Viable Opportunities
While this study will focus on temperature as its key metric, remote monitoring of other vital signs can yield potentially important insights into the real-time health of cancer patients, who can be at an especially high risk of complications resulting from treatment. RPM devices can collect enormous amounts of data, which has pros and cons.
Clinicians and researchers must be able to efficiently and effectively analyze and utilize the data, so these devices must be paired with intuitive management platforms that organize and present information in usable ways. Parsing this data with algorithms, ranging from the simple to the complex, can assist clinicians and researchers in making use of RPM insights. There are myriad ways in which RPM can aid oncology clinical practice and research. The key moving forward will be continuing to design and validate use cases of these technologies as the landscape of RPM expands.

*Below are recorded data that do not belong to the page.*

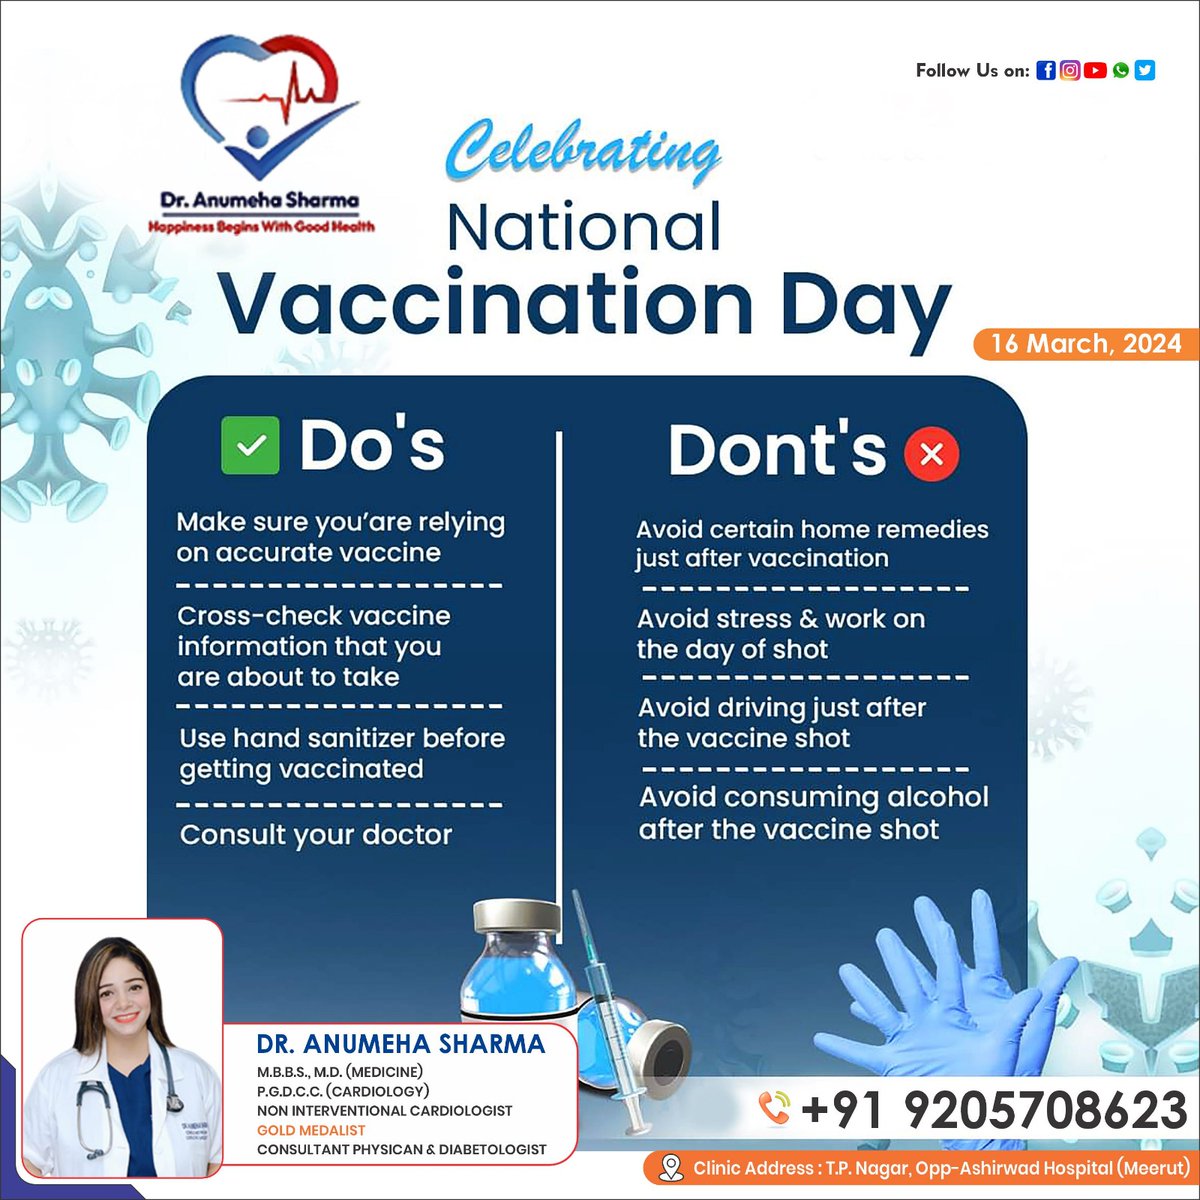 National Vaccination Day 💉 🧴 
also known as Immunization Day or Polio Ravivar, is an annual event celebrated in India on March 16th. 
.
.
.
 #nationalvaccinationday #vaccinationday #vaccination #provaccination #vaccinations #vaccinationtime #vaccines #nationalimmunizationday
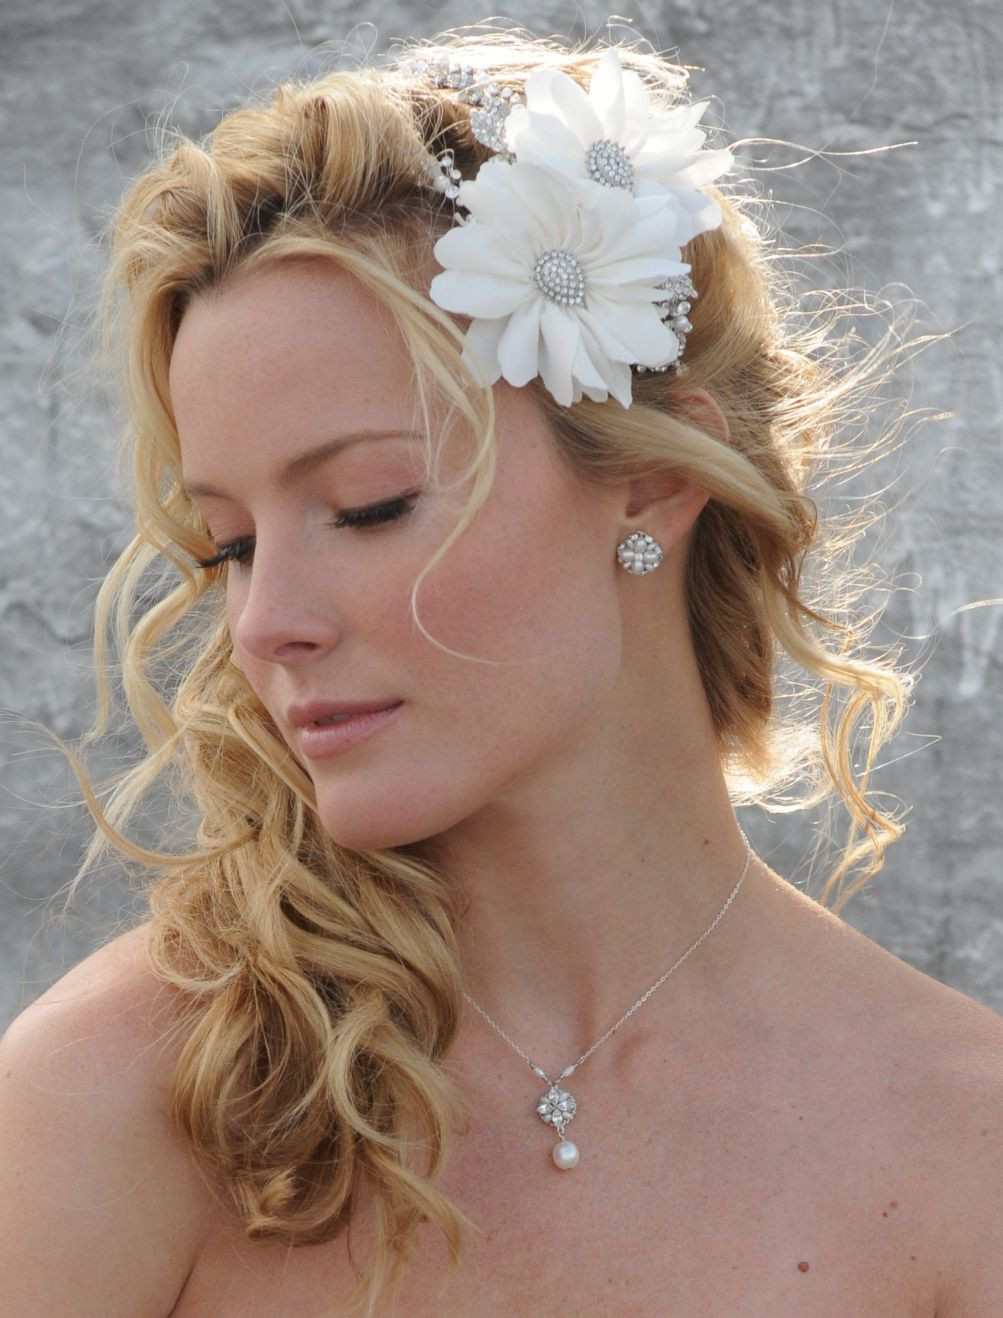 Side Ponytail Wedding Hairstyles
 Side Ponytail Wedding Hairstyle with Flowered Headband 05
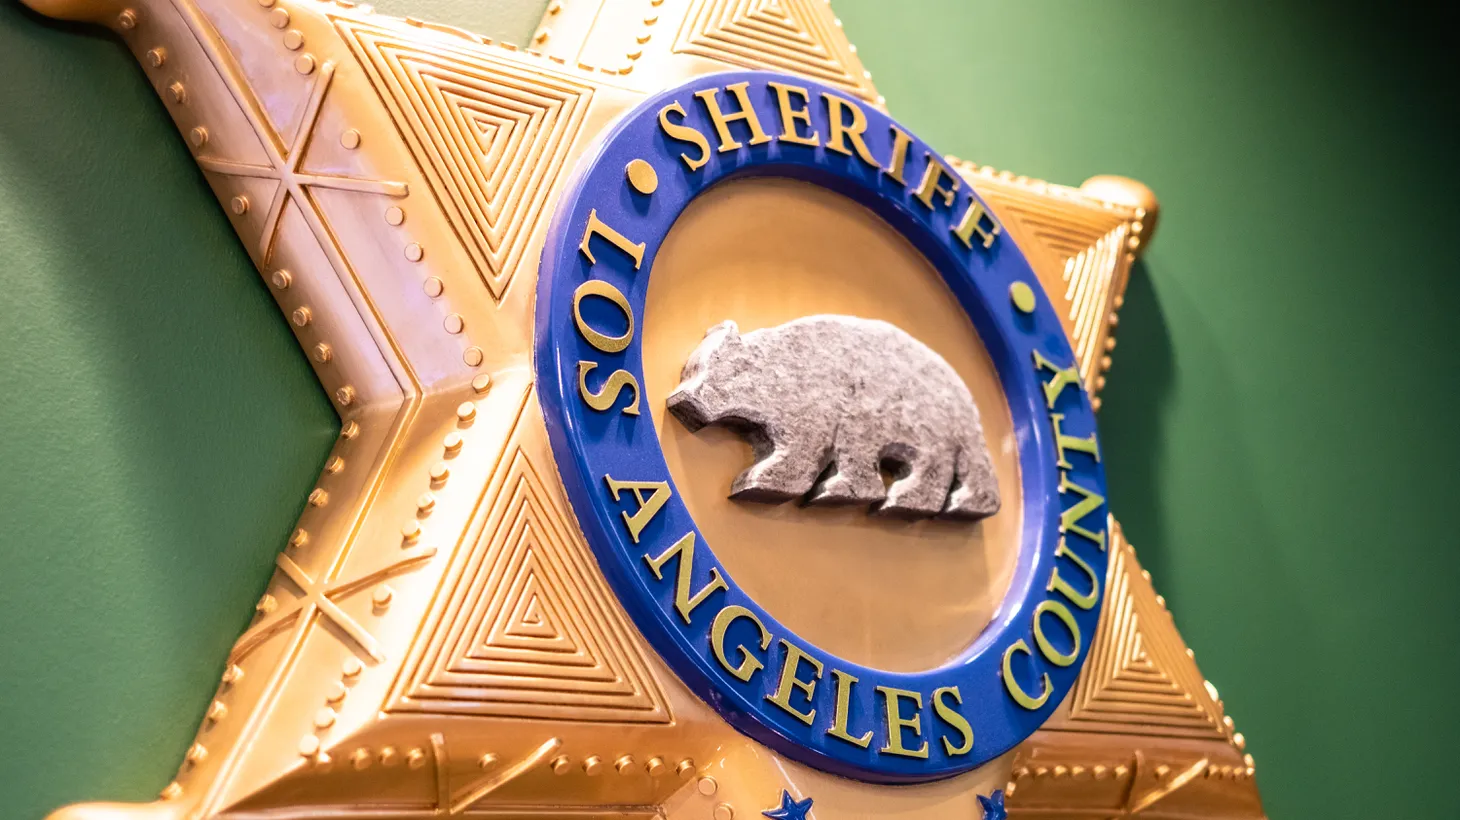 Within the LA County Sheriff’s Department, more than 40 deputies are members of gang-like cliques, according to Inspector General Max Huntsman.
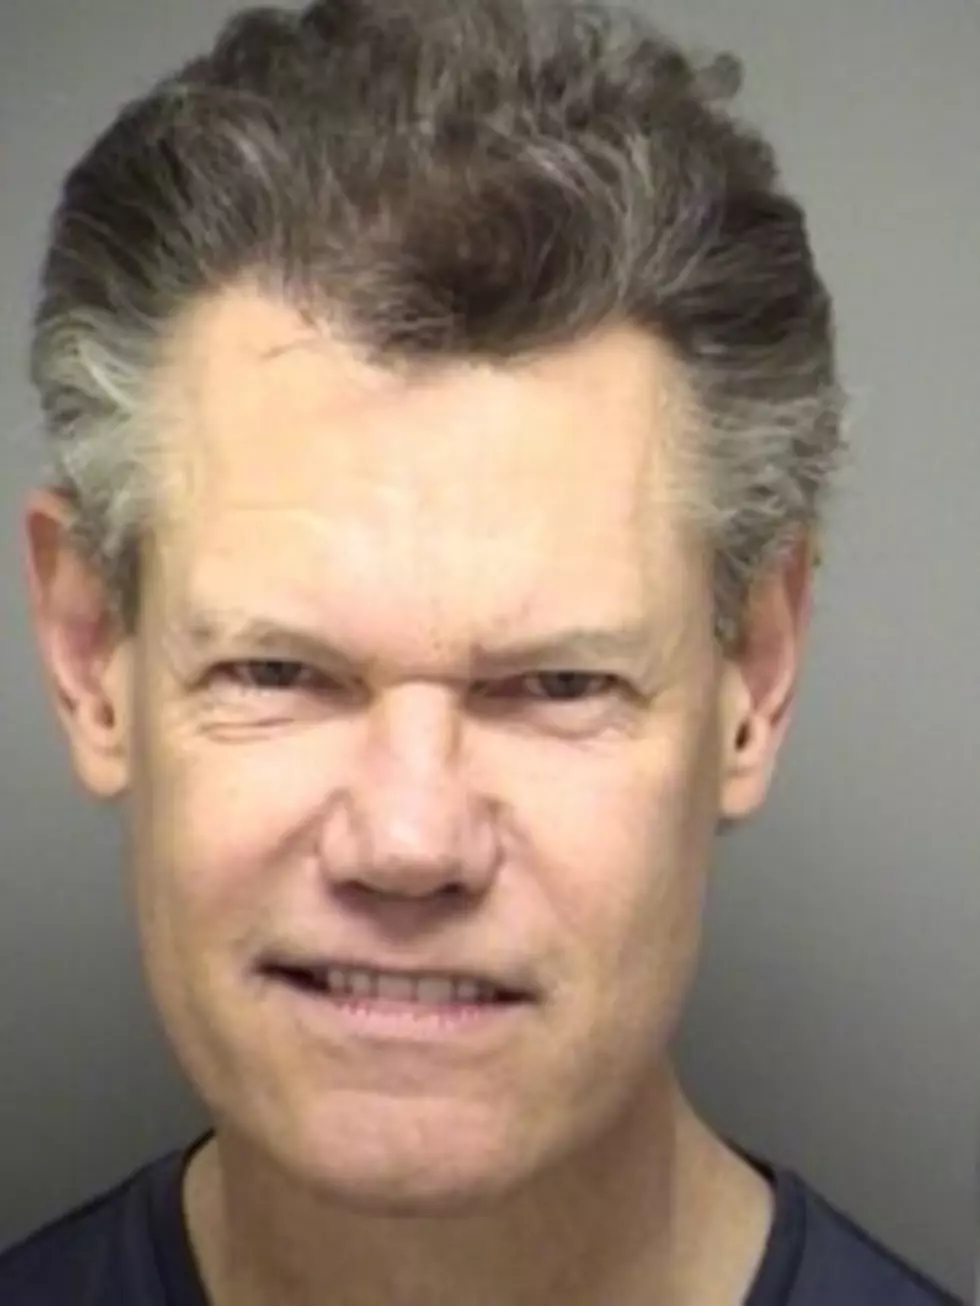 Randy Travis Arrested For Being Drunk In Public
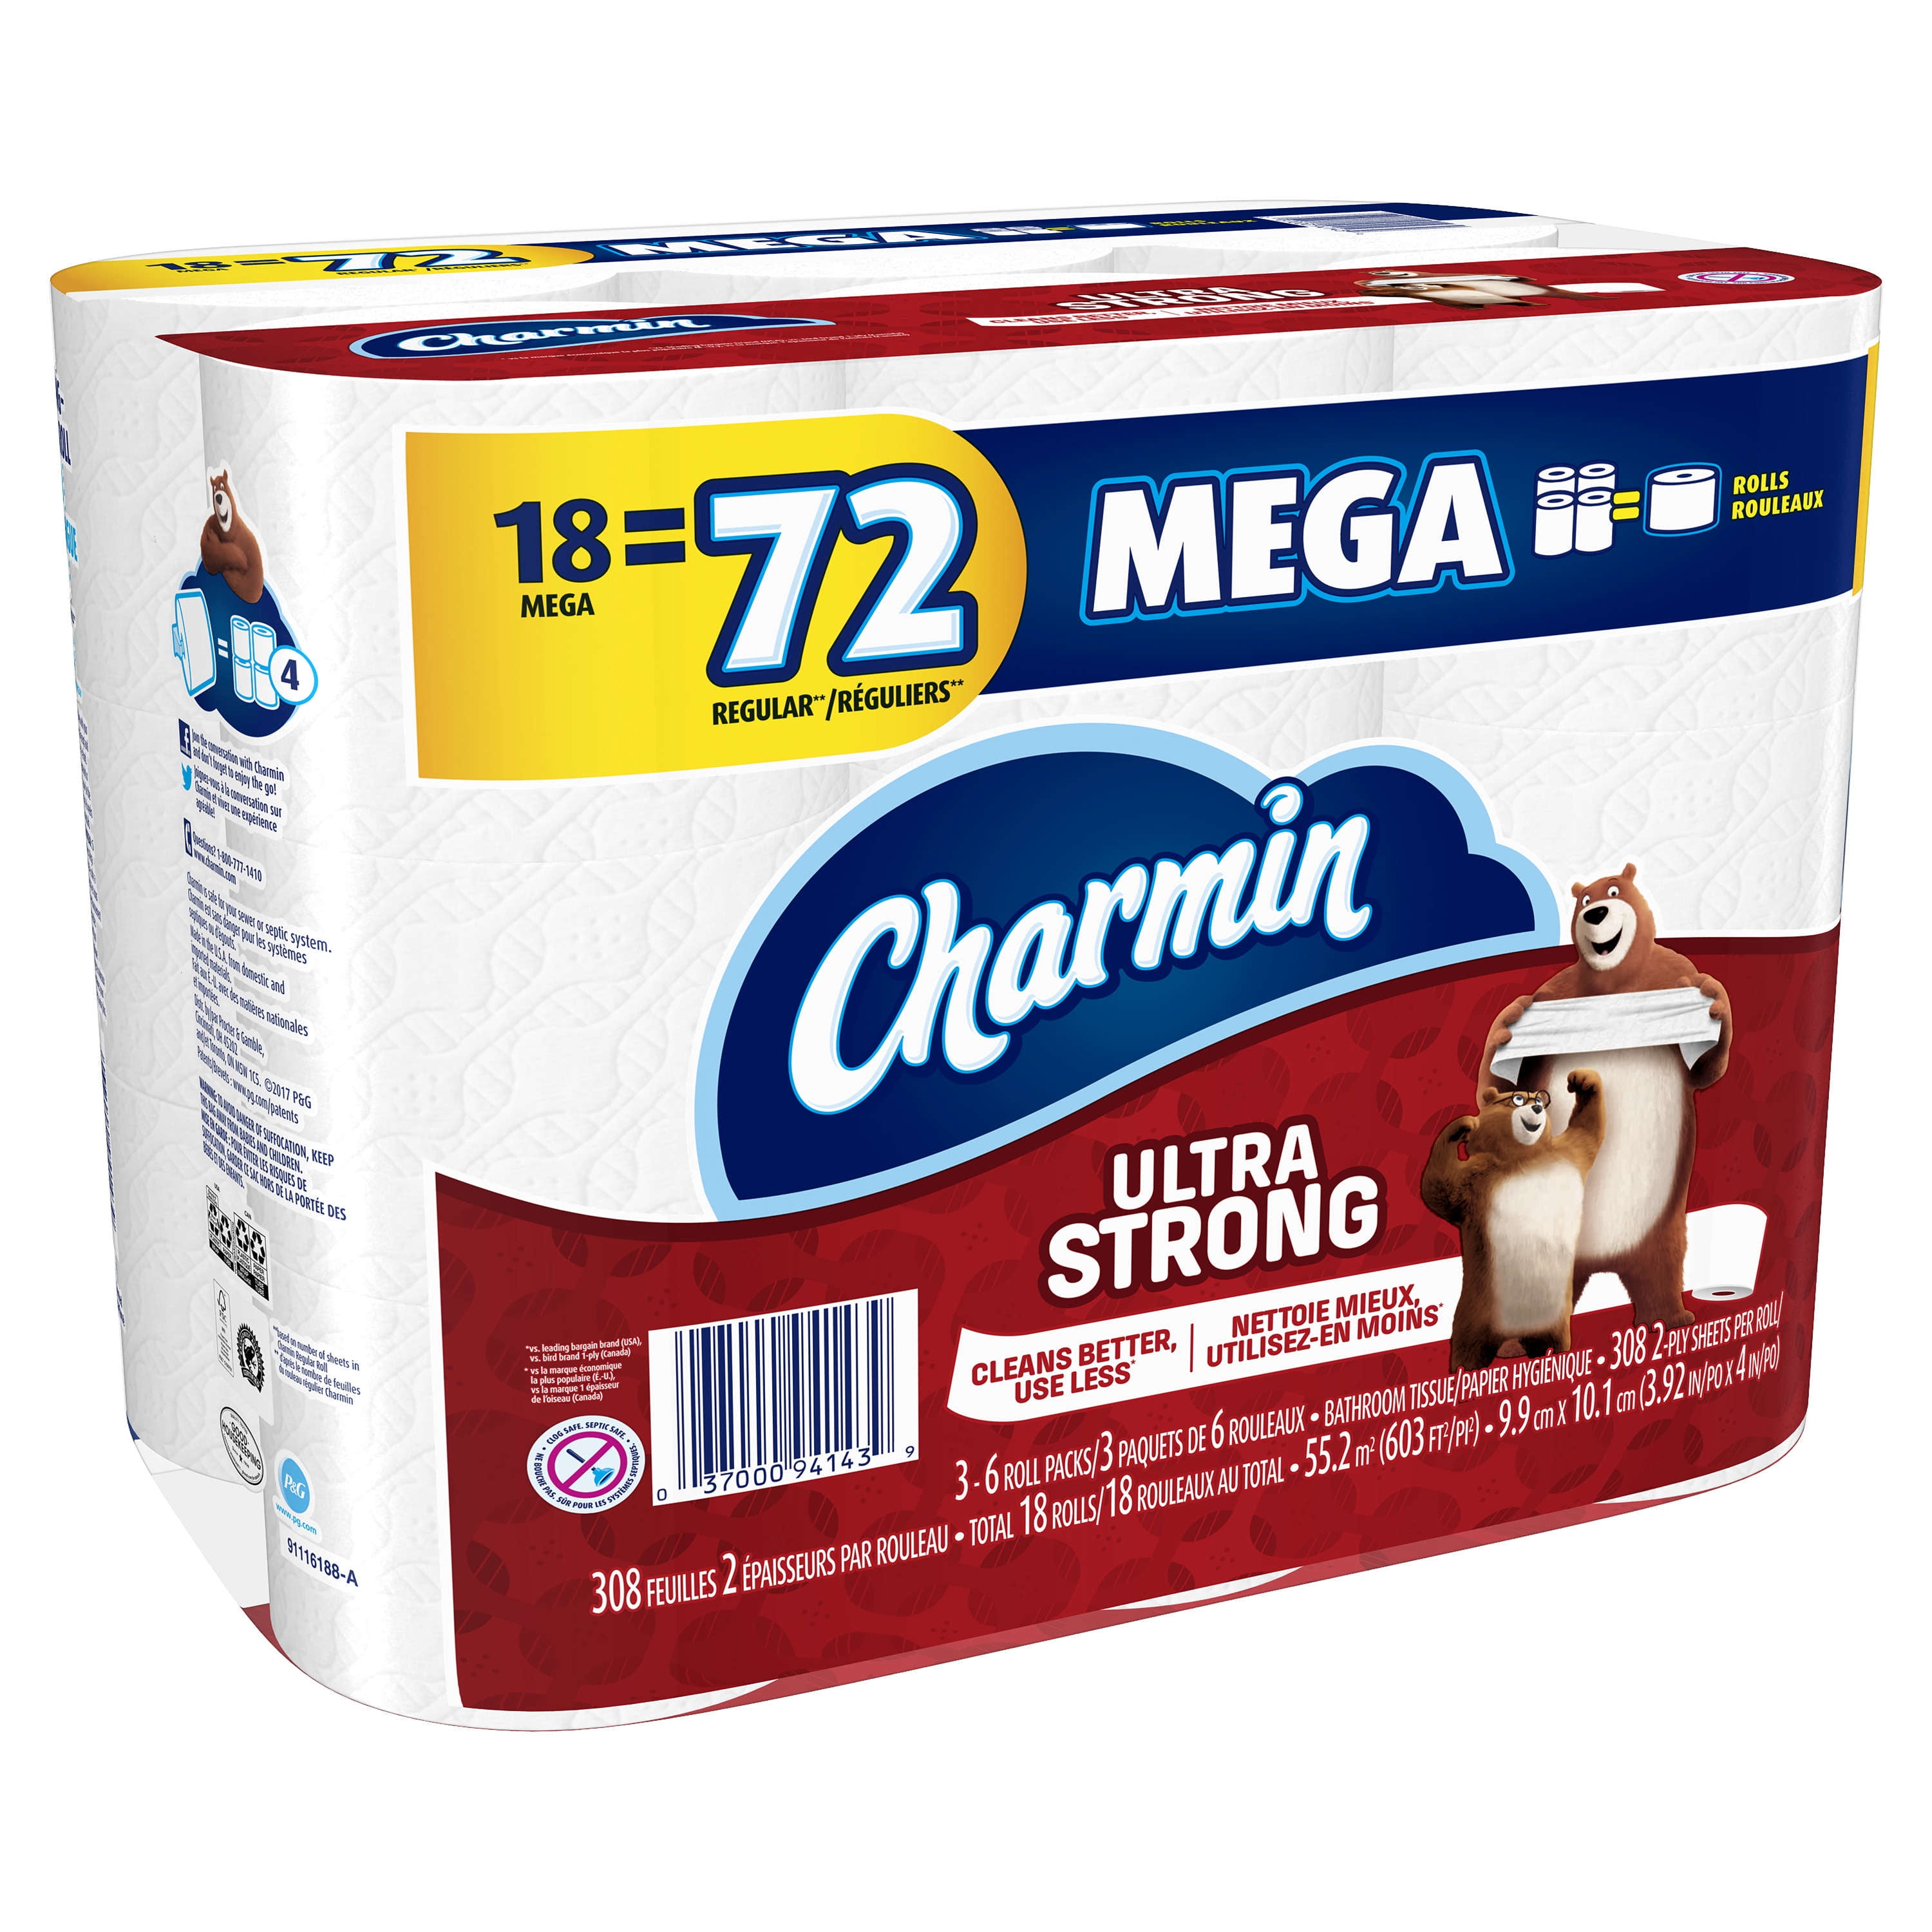 Charmin Ultra Soft tissue Lot of 6 Bundle 72 Rolls SPECIAL REQUEST

ADAM E. SINGER, MD, PHD, is a hematology/oncology fellow and health technology, health services, and cancer supportive care researcher. He holds an MD from UCLA and a PhD in policy analysis from the Pardee RAND Graduate School, where his doctoral work studied palliative health services interventions. His research focuses on the impact of novel technologies on a variety of cancer patient-oriented outcomes, including symptoms, functional status, quality of life, health care utilization, costs of care, and health equity.